Extracted information —
::::::
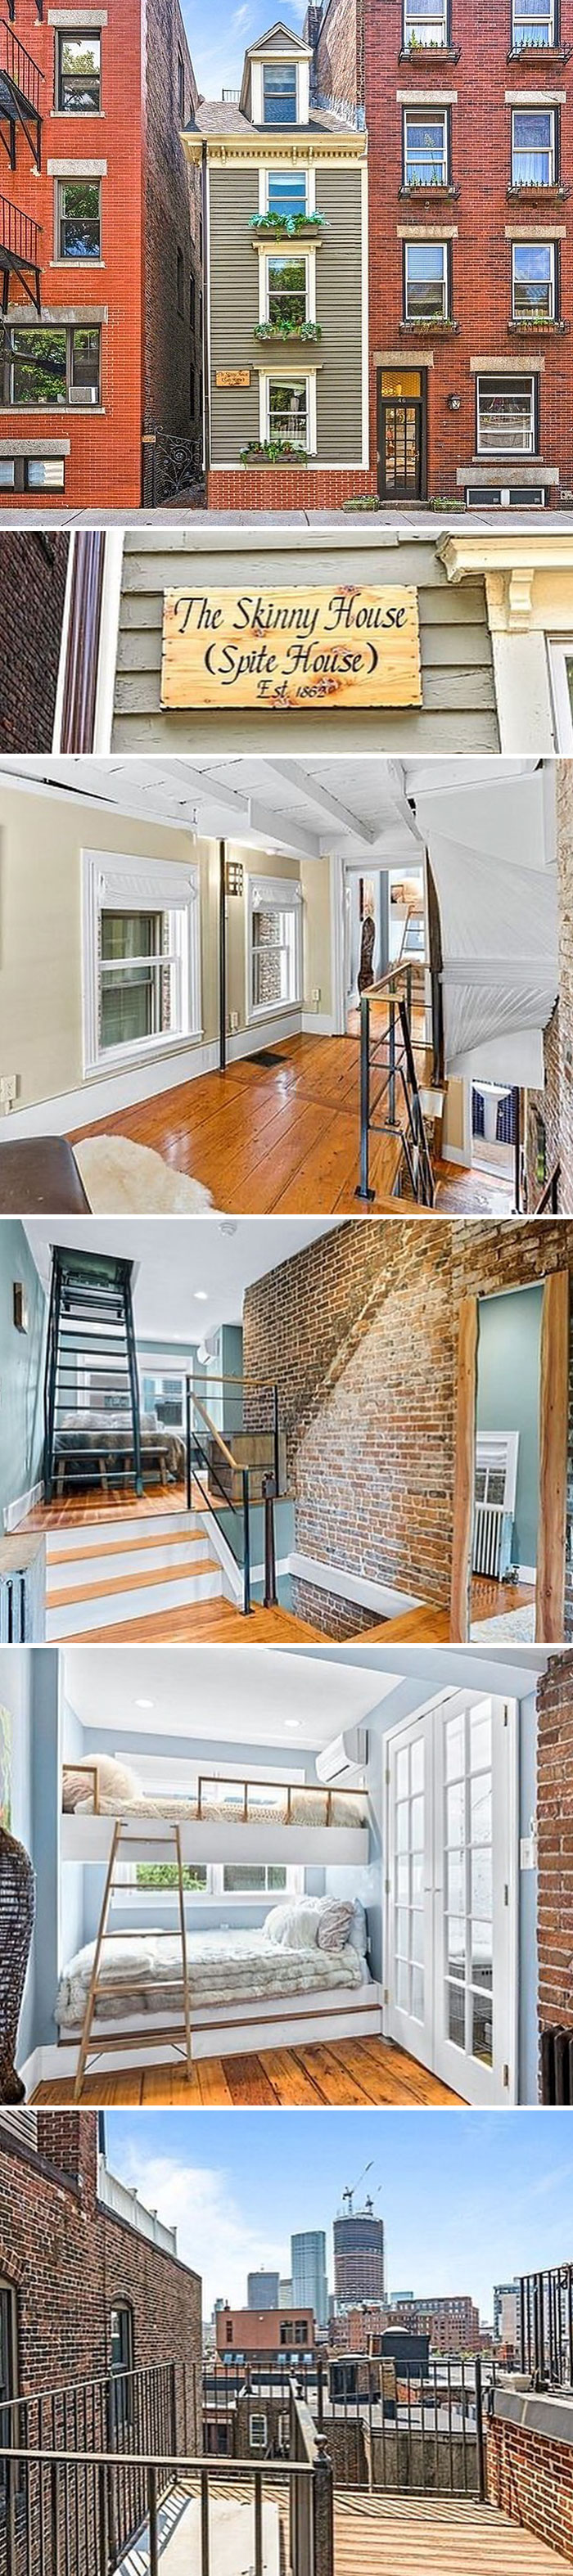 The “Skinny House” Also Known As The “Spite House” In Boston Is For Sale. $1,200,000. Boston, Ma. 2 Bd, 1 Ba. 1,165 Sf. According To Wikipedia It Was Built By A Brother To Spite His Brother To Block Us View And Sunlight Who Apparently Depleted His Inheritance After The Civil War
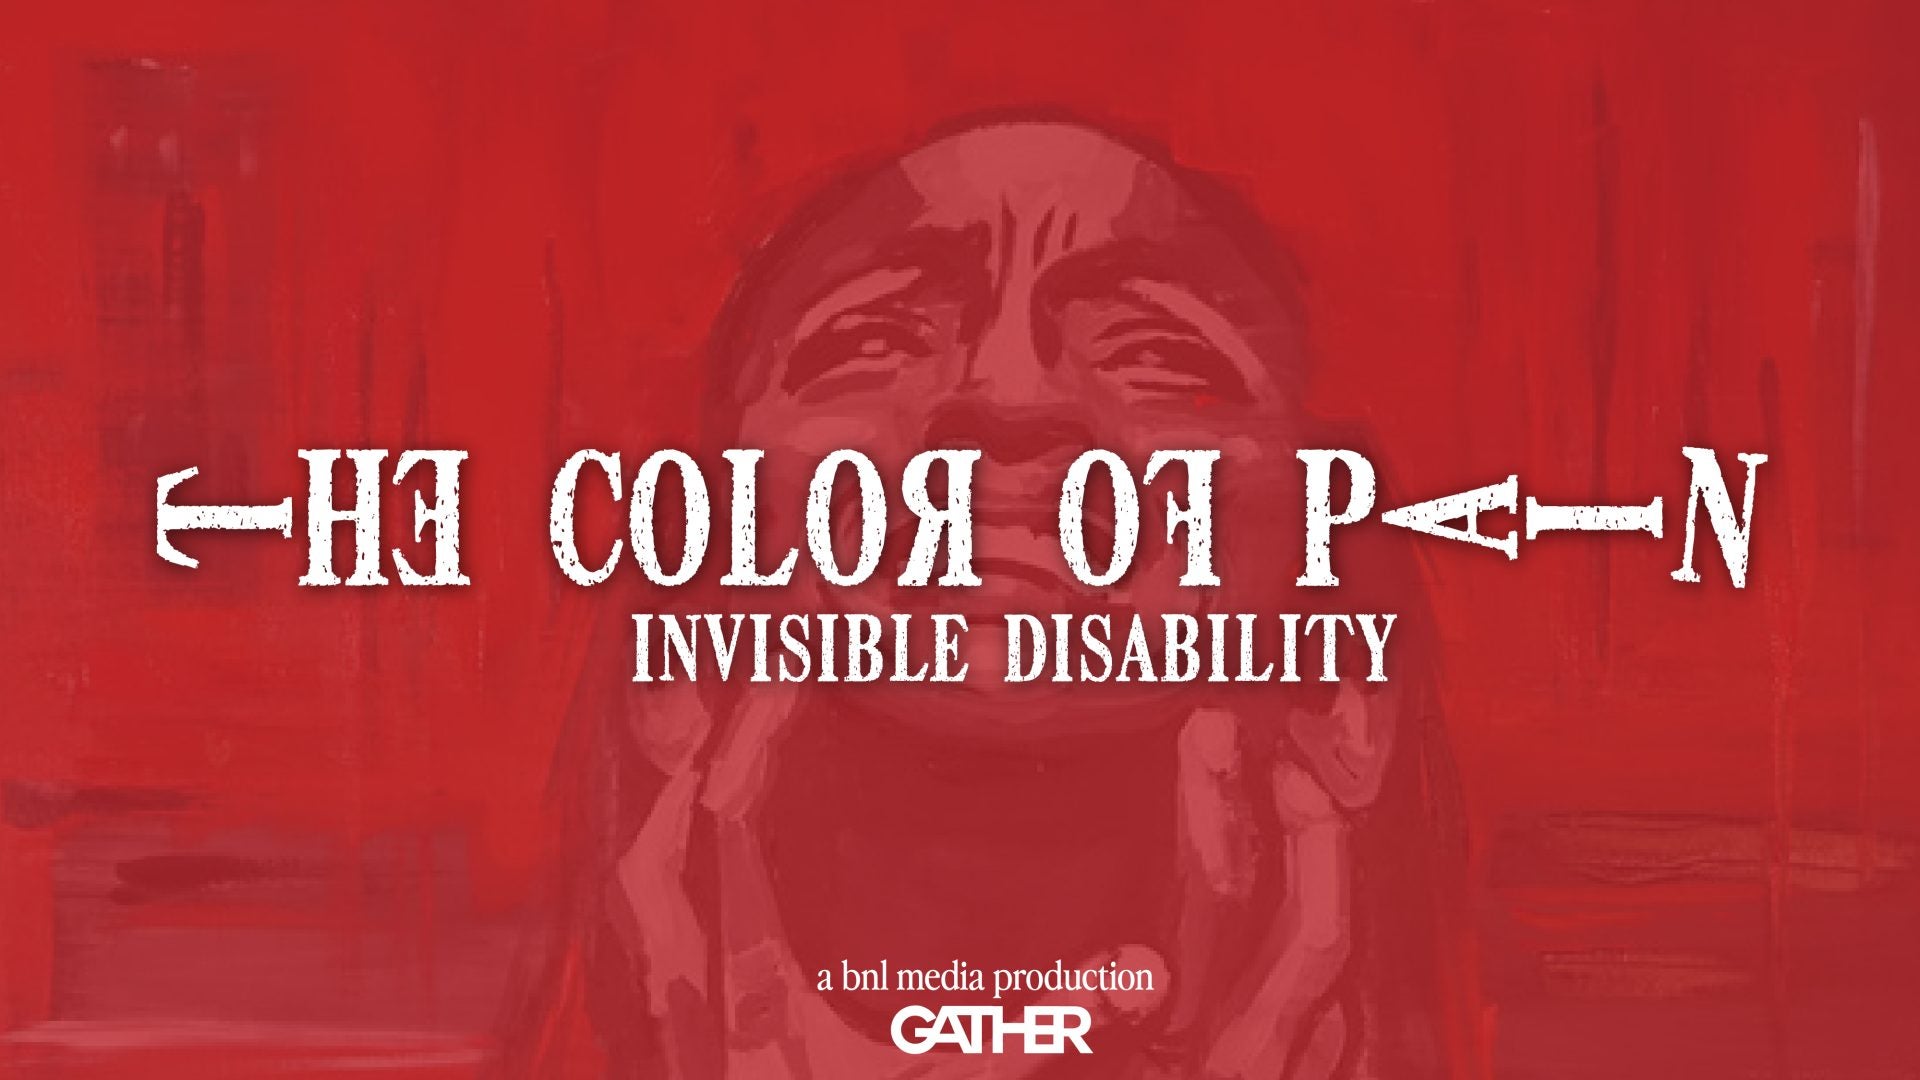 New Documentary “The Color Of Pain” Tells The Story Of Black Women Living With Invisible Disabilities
::::::
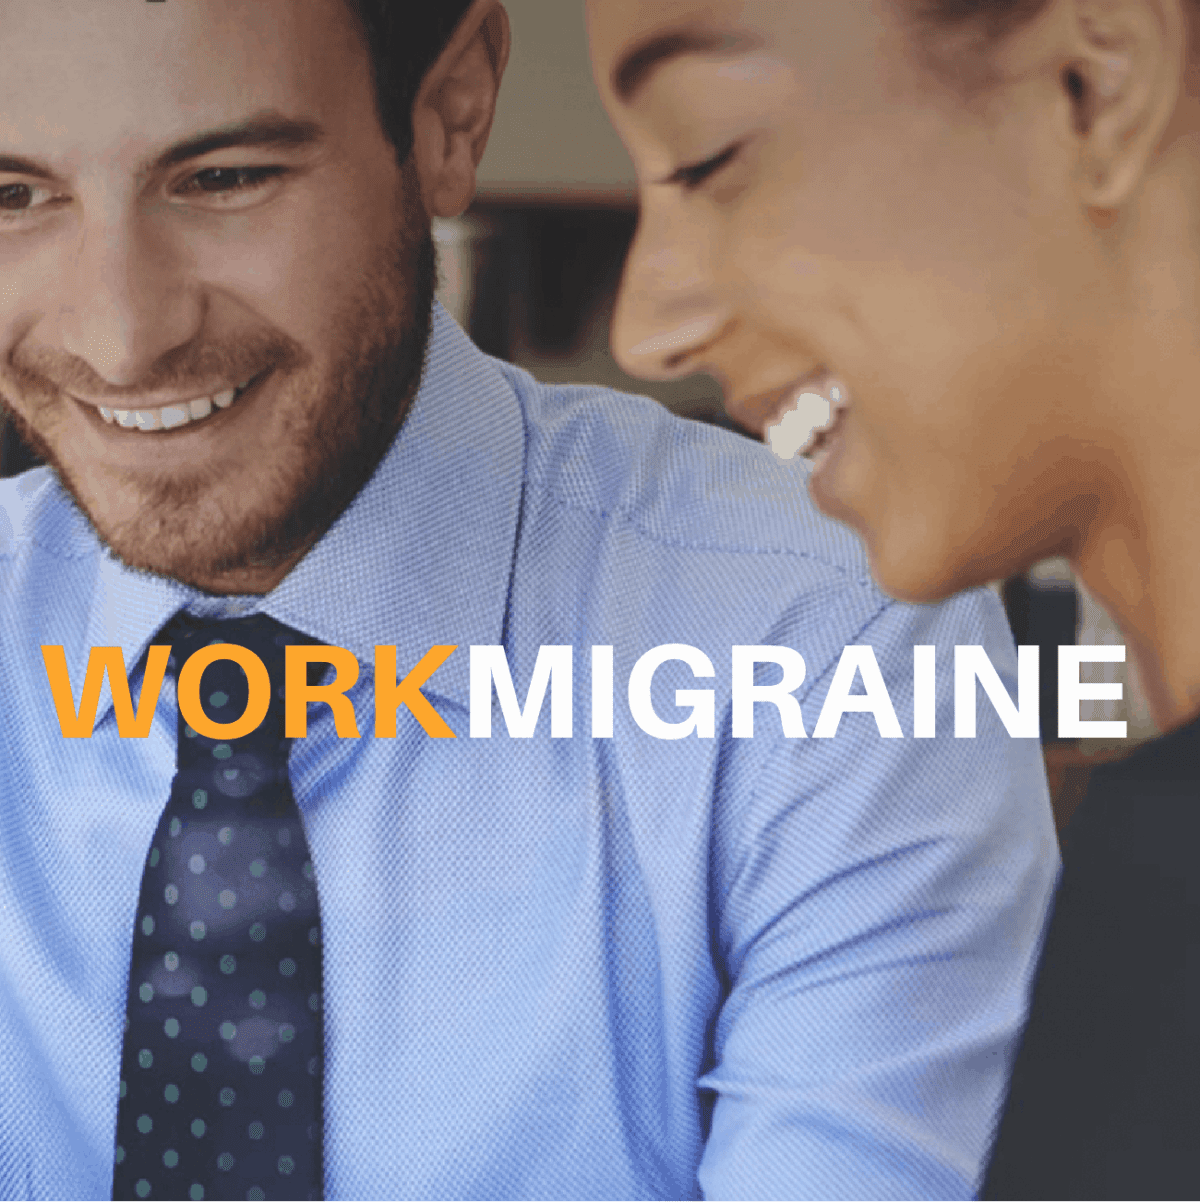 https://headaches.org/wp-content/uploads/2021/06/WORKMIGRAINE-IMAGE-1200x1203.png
::::::
What is required — Above are the records. Copy only the lines from the one with "The Civil War" through the one with "With Invisible Disabilities", exactly, with no pictures.

Response area —
 The “Skinny House” Also Known As The “Spite House” In Boston Is For Sale. $1,200,000. Boston, Ma. 2 Bd, 1 Ba. 1,165 Sf. According To Wikipedia It Was Built By A Brother To Spite His Brother To Block Us View And Sunlight Who Apparently Depleted His Inheritance After The Civil War
 New Documentary “The Color Of Pain” Tells The Story Of Black Women Living With Invisible Disabilities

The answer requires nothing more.